Second, concern with cooperation (but not perception of others’ cooperation) was positively related to people’s own health-protective behaviors. That is, own self-control success in contributing to outbreak mitigation relates to a greater need for others to do their part as well. Further, beliefs surrounding others’ cooperation (both perceiving others as uncooperative and higher concern with cooperation) were related to greater support for government regulation. Based on this concern with others’ behavior, individuals may leverage government regulation as a behavioral enactment constraint to increase cooperation with others and, as a result, improve the odds of successful outbreak mitigation. Given that both of these variables reflect individuals’ beliefs surrounding others’ behavior (but not necessarily others’ actual behavior), our data suggest that accurately informing the public and avoiding possible misperceptions of others’ engagement in health-protective behaviors may play a part in shaping citizens’ support for government regulations. This points toward an interesting social component in collective goal pursuit, highlighting that those who are successful in self-control expect the same from others and are also more supportive of external, government-imposed regulations of relevant individual behavior.

Beyond these findings, we would like to emphasize that the effects of self-control and cooperation emerged above and beyond the effects of variables such as personal cost of engaging in health-protective behaviors, perceived risk and anxiety, and political orientation. If future work replicates these findings, one might cautiously conclude that, in a time of crisis, people – including decision-makers – are indeed able to “rise above themselves” and lay aside political differences and personal costs for collective goal attainment.

Strengths, Limitations, and Implications

This research took place as the COVID-19 outbreak was unfolding, at a time when uncertainty was high and lockdown measures were just being introduced, speaking to the ecological validity of our study and increasing our confidence in the reliability of these results. We were also able to provide evidence that the strongest predictors presented here conceptually replicate across two countries, despite some contextual differences between Switzerland and the UK (e.g., economic situation, political landscape, outbreak stage).
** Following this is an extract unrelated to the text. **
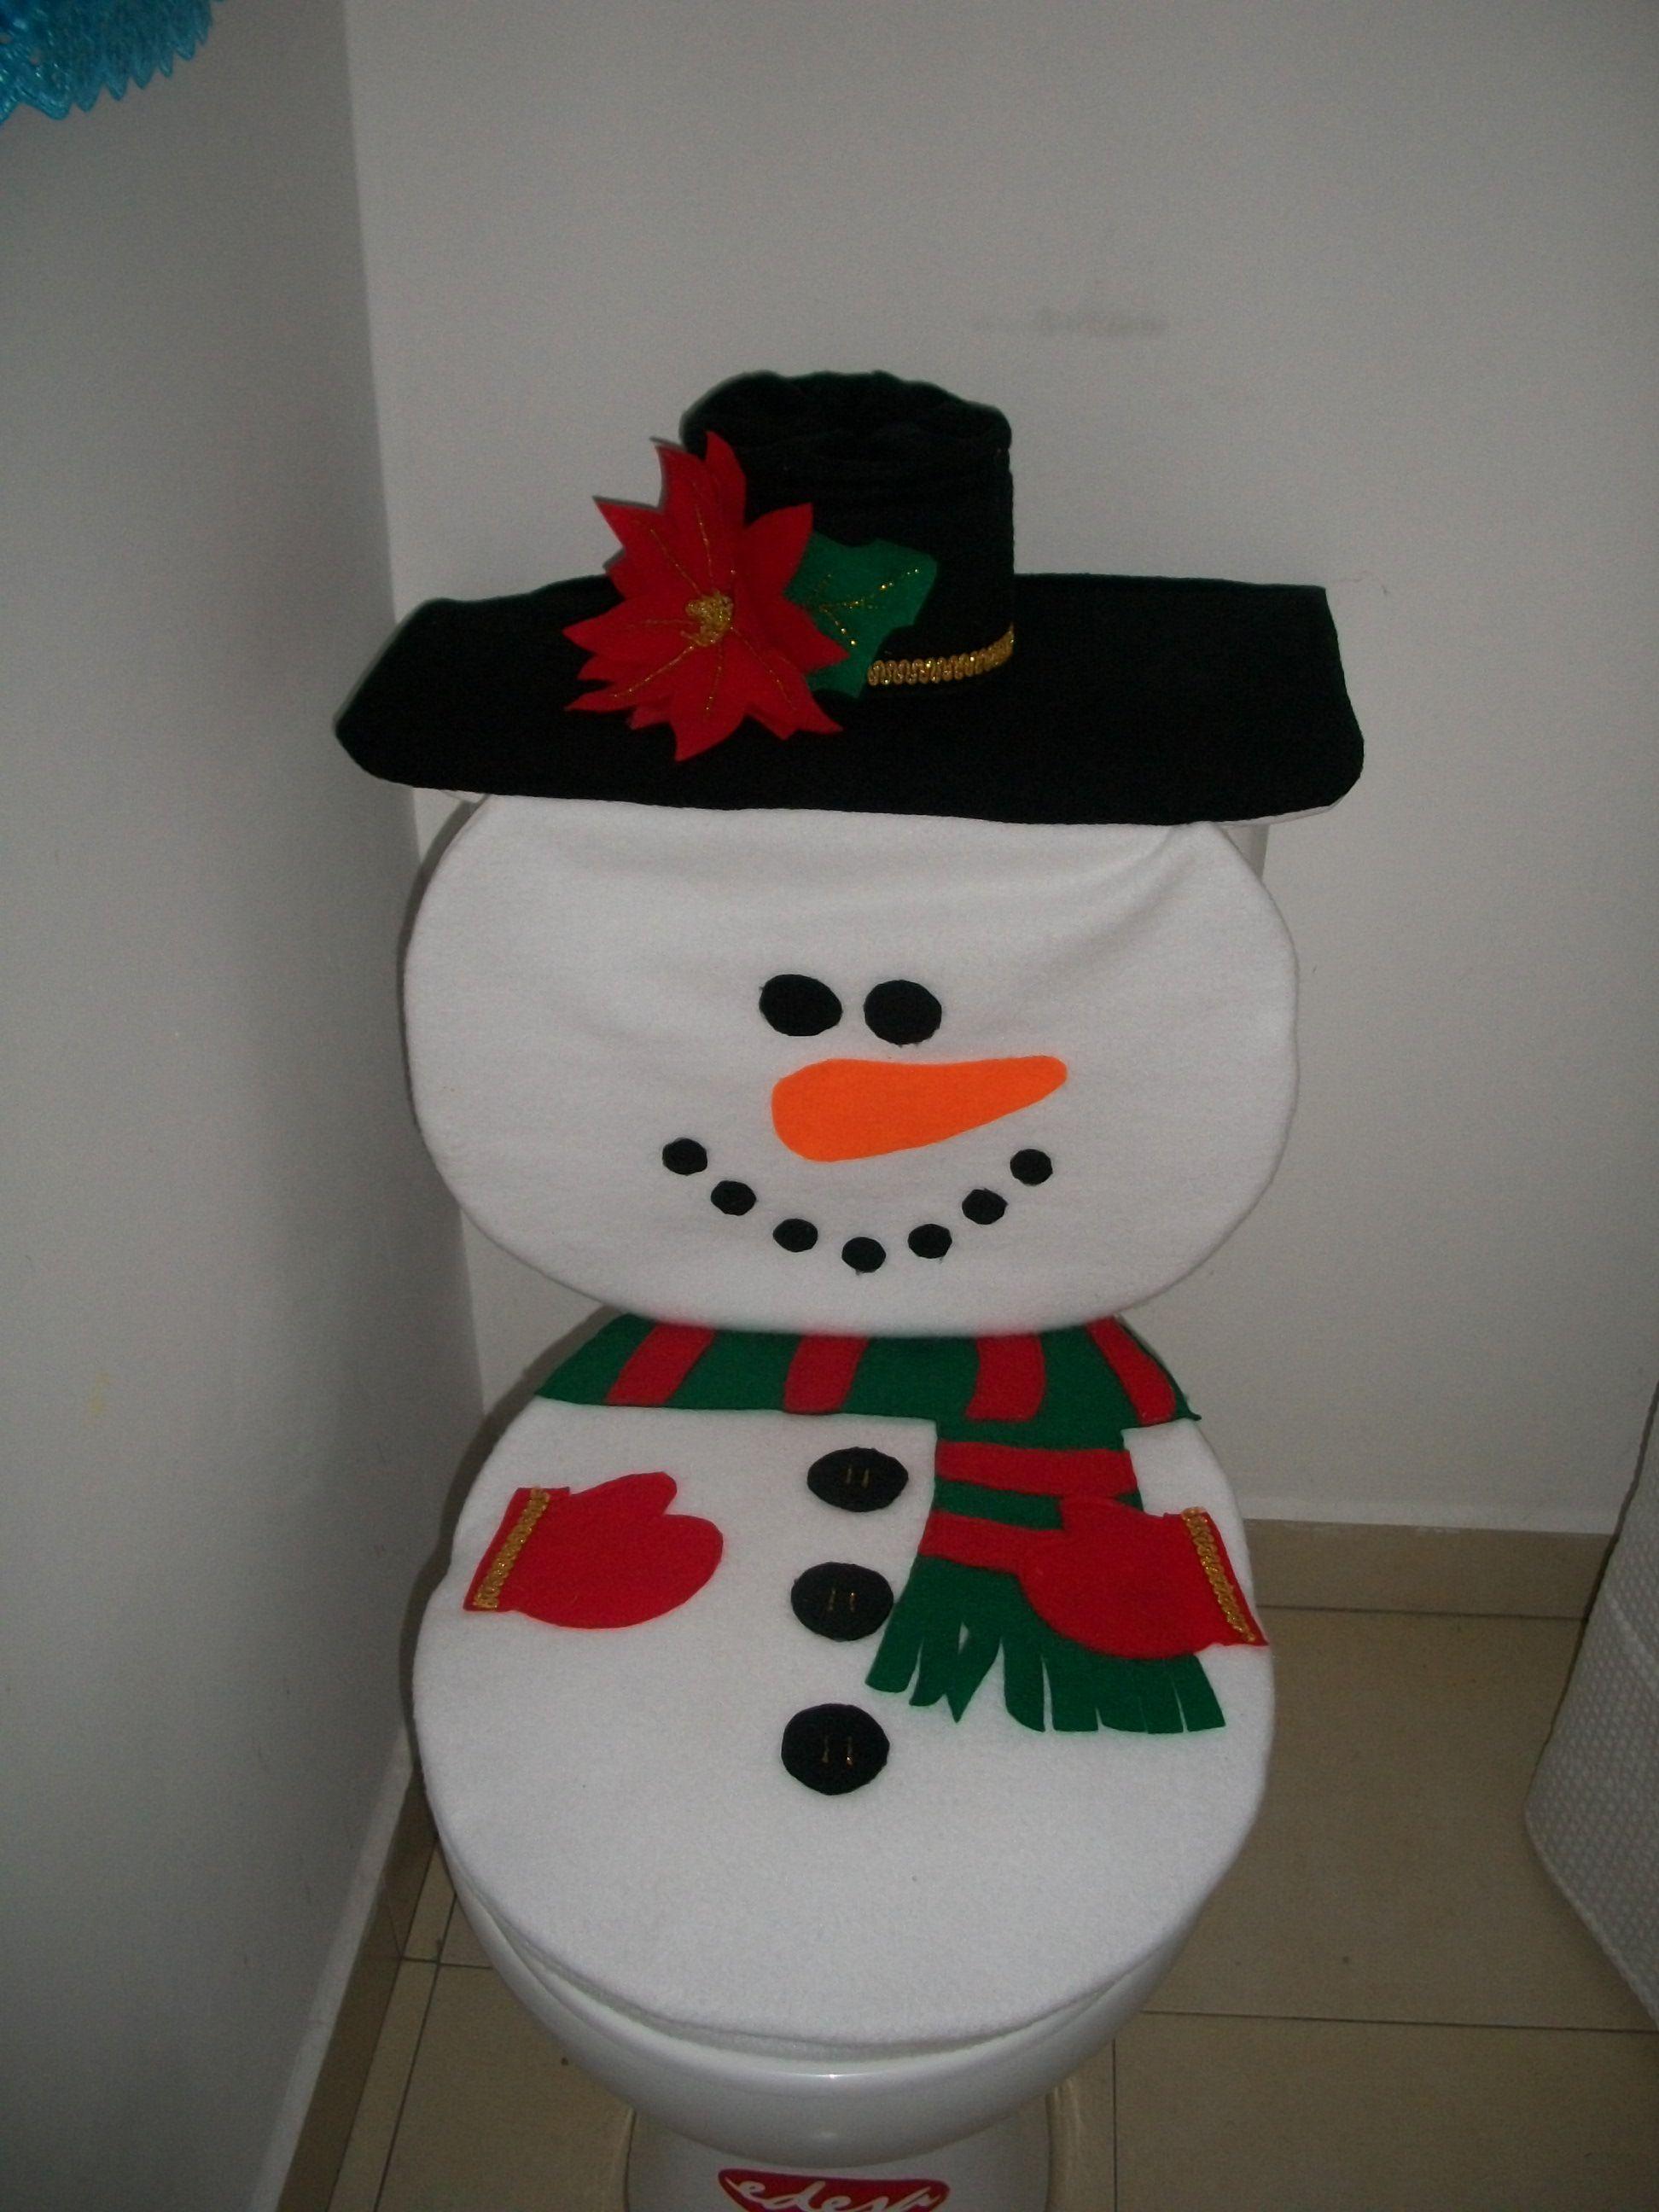 Juego de baño navideño snowman  Juegos de baño navideños ...
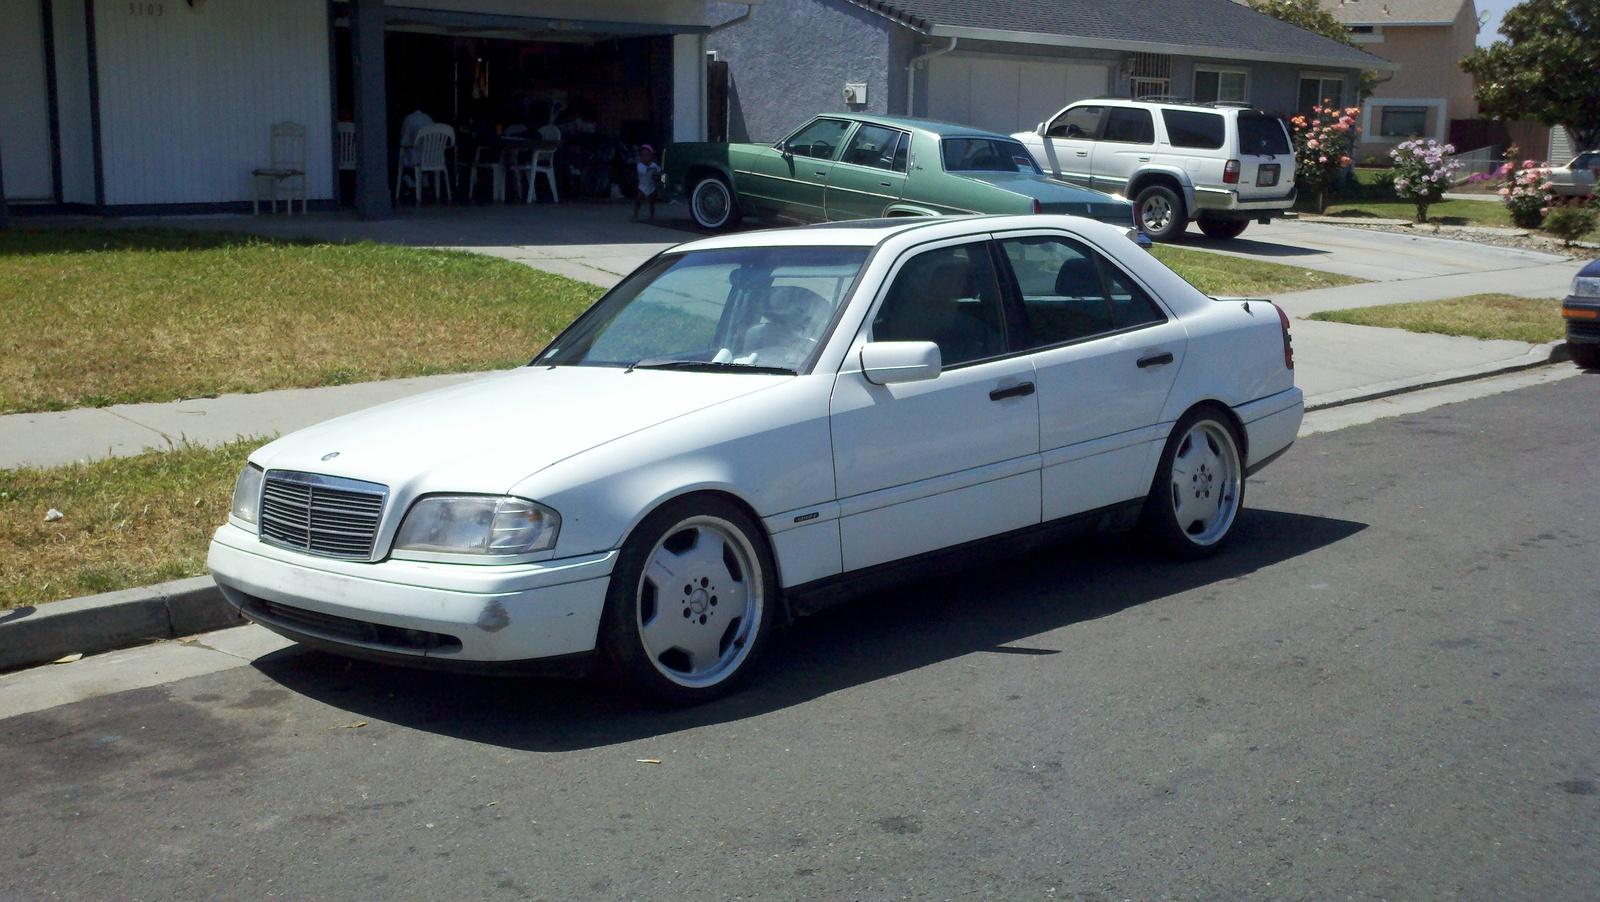 1997 mercedes benz c36 amg 9 mercedes benz c36 amg 9

This speaks to the generalizability of our findings, though of course future research – based on Western and non-WEIRD populations (Henrich et al., 2010) – is needed to substantiate these first results. While this study aimed to investigate general predictors of health-protective behavior and regulation support and not to delineate differences between countries, such comparisons may be the objective of future research. Our analytic approach represents another strength of the current study. We employed a machine learning approach for variable selection, which – unlike OLS regression – allows us to isolate those variables that independently contribute predictive value, above and beyond the effects of previously identified predictors, such as perceived risk and anxiety.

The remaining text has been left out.